To understand the basis of this switch in specificity, computational models of MmPylCWT and MmPylCNPSV bound to d-Cys-ε-Lys were generated using the program CNS.32,33 Based on these models, it appears that mutations of E179P and T256V convert the original hydrophilic d-ornithine binding site to a hydrophobic pocket (Figure S4a) that makes binding of the charged amino group of the d-ornithine side chain less favorable. On the other hand, mutations of the residues T256 and S177 to T256V and S177N in PylCNPSV result in van der Waals interactions with the thiol group of d-Cys-ε-Lys based on analysis using CHIMERA (Figure S4b). It is likely that this combination of weaker binding of d-ornithine-ε-Lys and improved binding of the d-Cys-ε-Lys leads to the observed switch in substrate specificity.

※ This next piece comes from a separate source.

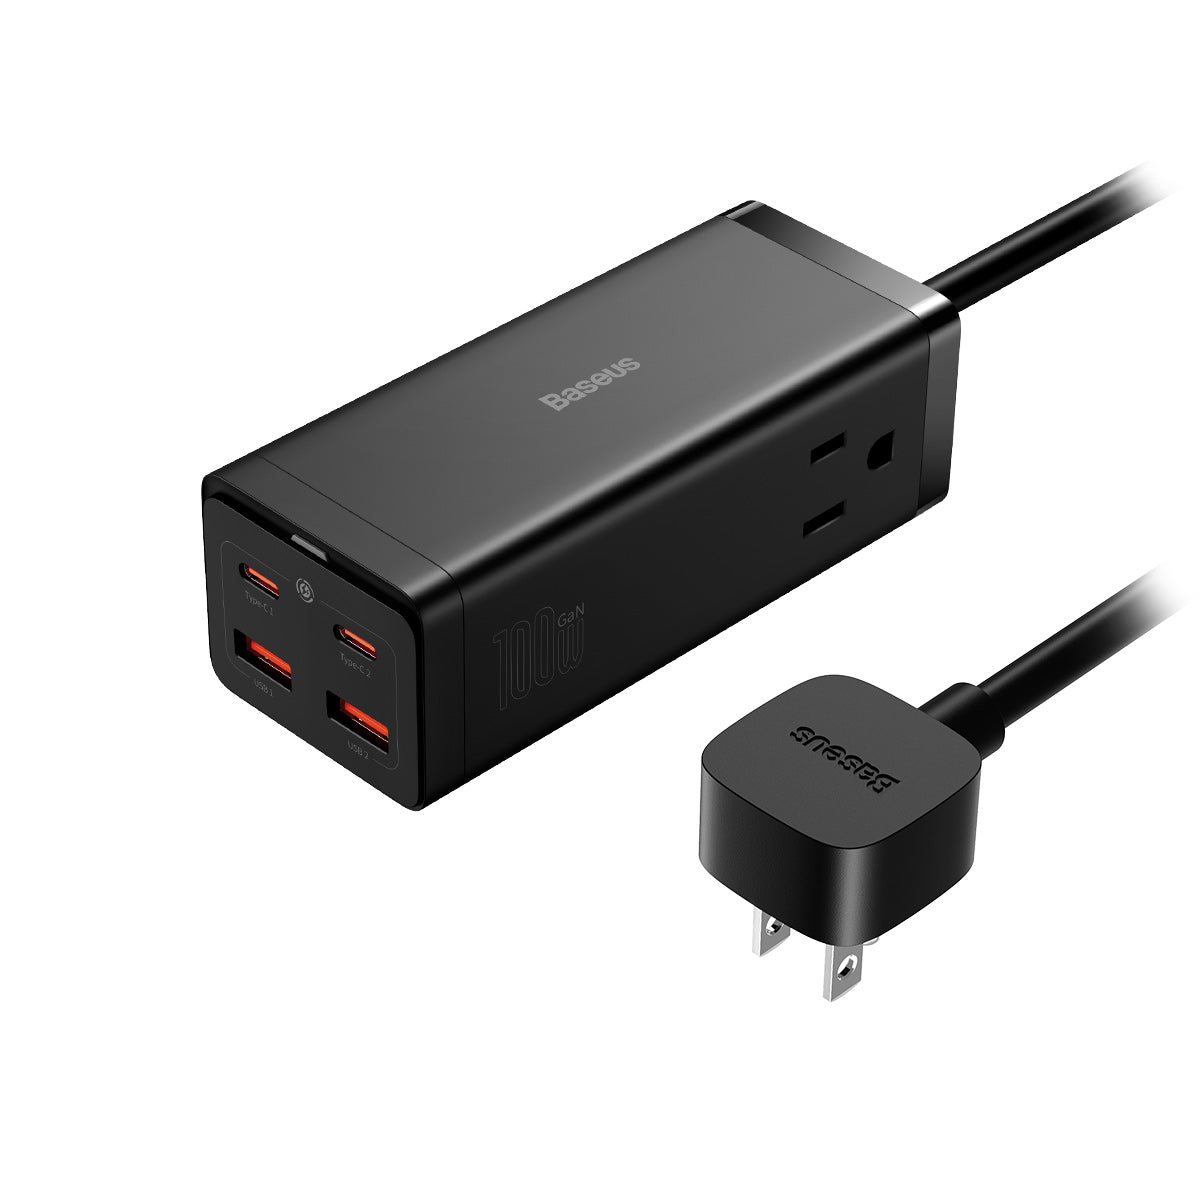 Anker Japan 40W 4Port USB Charger Power Adapter Charg iPhone/iPad/Andoroid  Black
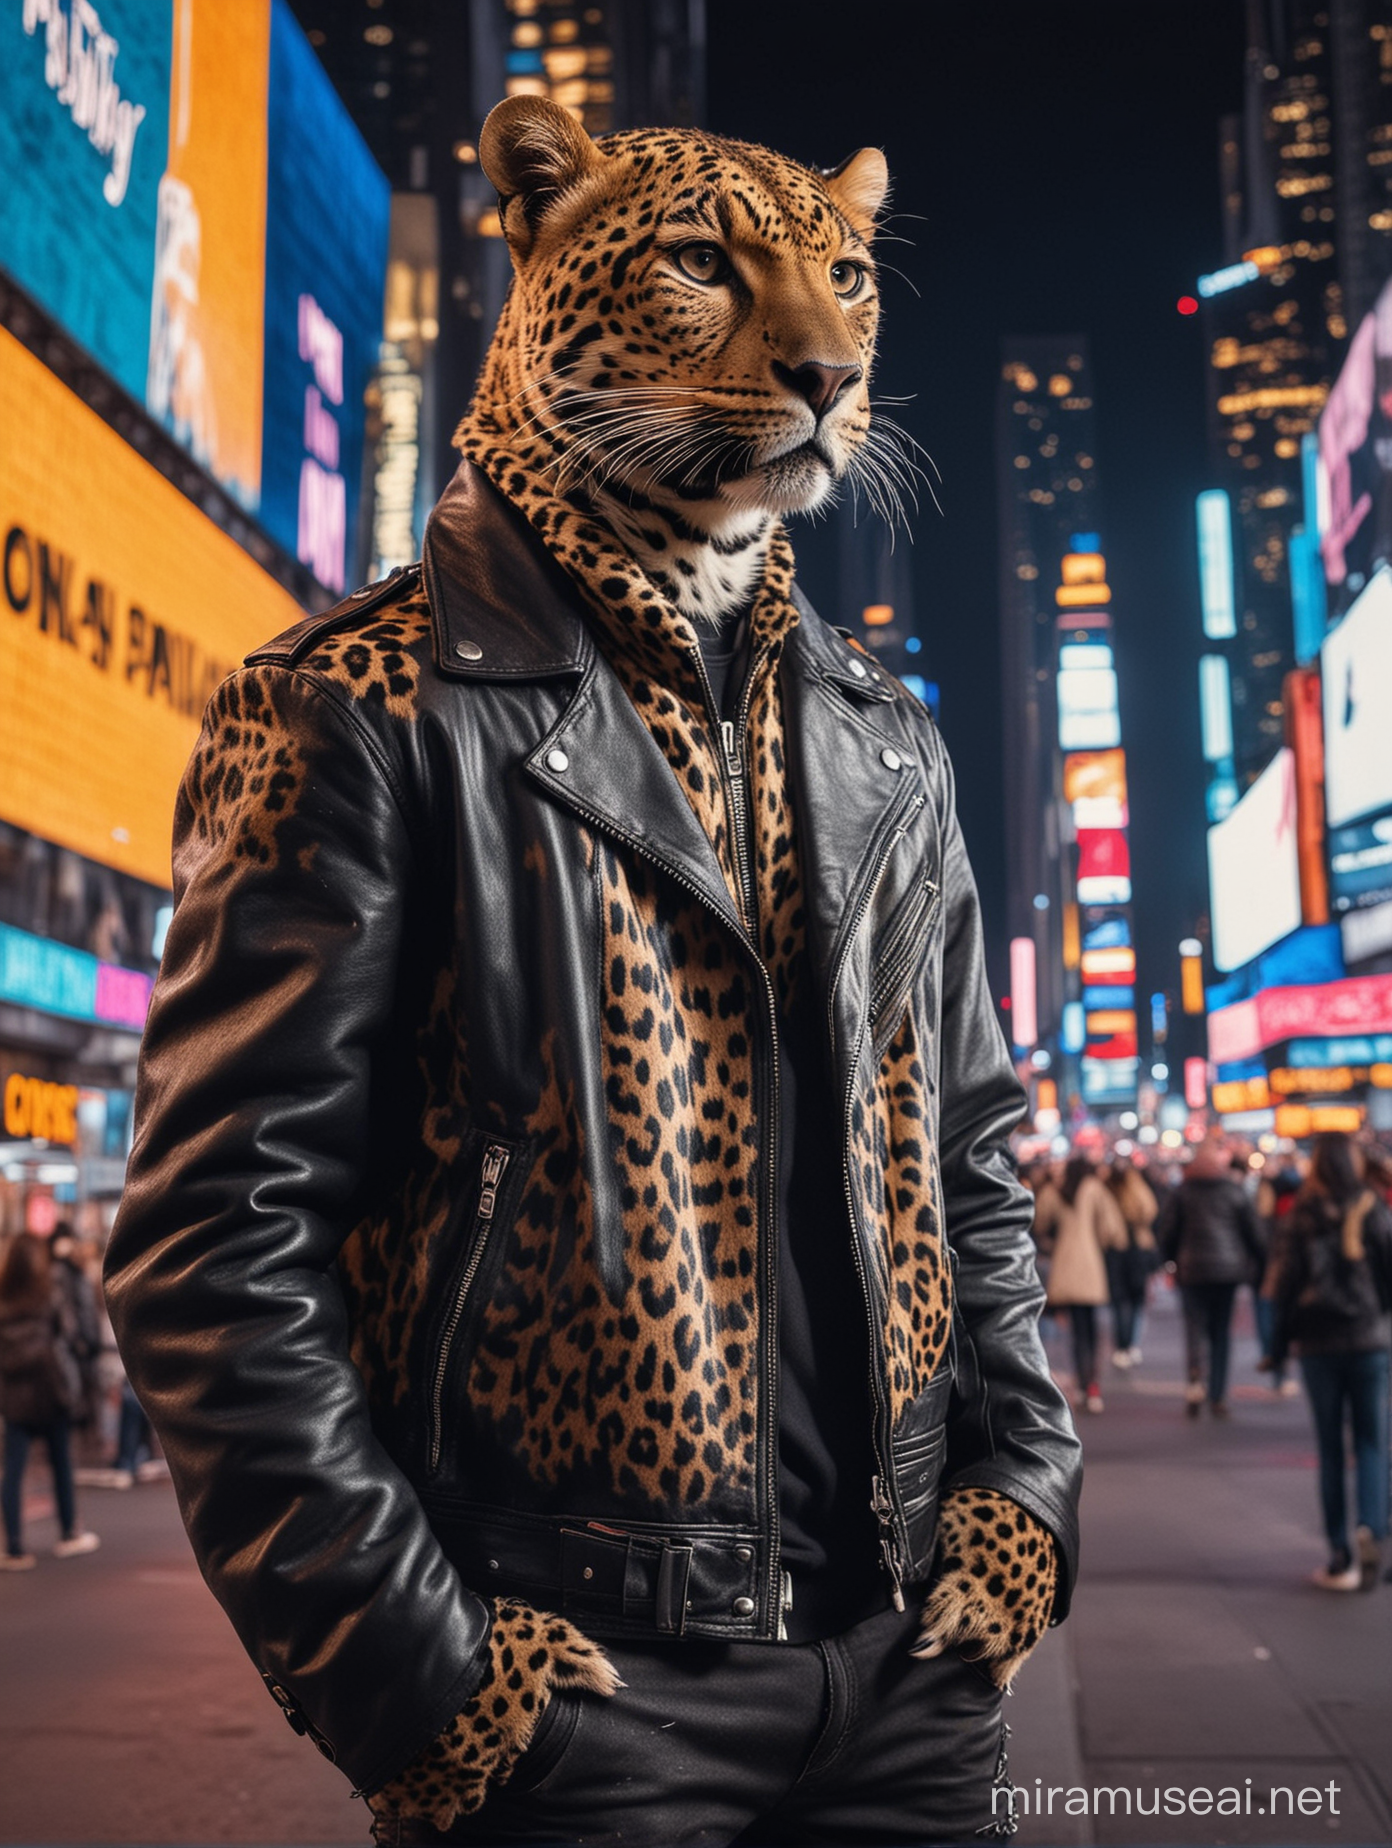 MALE LEOPARD ANIMAL WITH LEATHER JACKET, rough appearance, IN NEW YORK CITY AT NIGHT, BACKGROUND OF TIMES SQUARE, NEON STYLE

To evaluate the readthrough efficiency using in cellulo biosynthesized d-Cys-ε-Lys as opposed to exogenous addition of its chemically synthesized counterpart, different protein constructs were tested and the results indicated that at 5 mM or higher d-Cys, PylCNPSV in cooperation with PylRSEVF/tRNAM15 could achieve a readthrough efficiency comparable to that of the exogenous addition of 4 mM chemically synthesized d-Cys-ε-Lys (Figure 2c). The successful in cellulo biosynthesis of d-Cys-ε-Lys was subsequently confirmed via the identification of the d-Cys-ε-Lys-containing peptide fragment by LC–MS/MS analysis of the corresponding trypsin-digested protein (Figure S5).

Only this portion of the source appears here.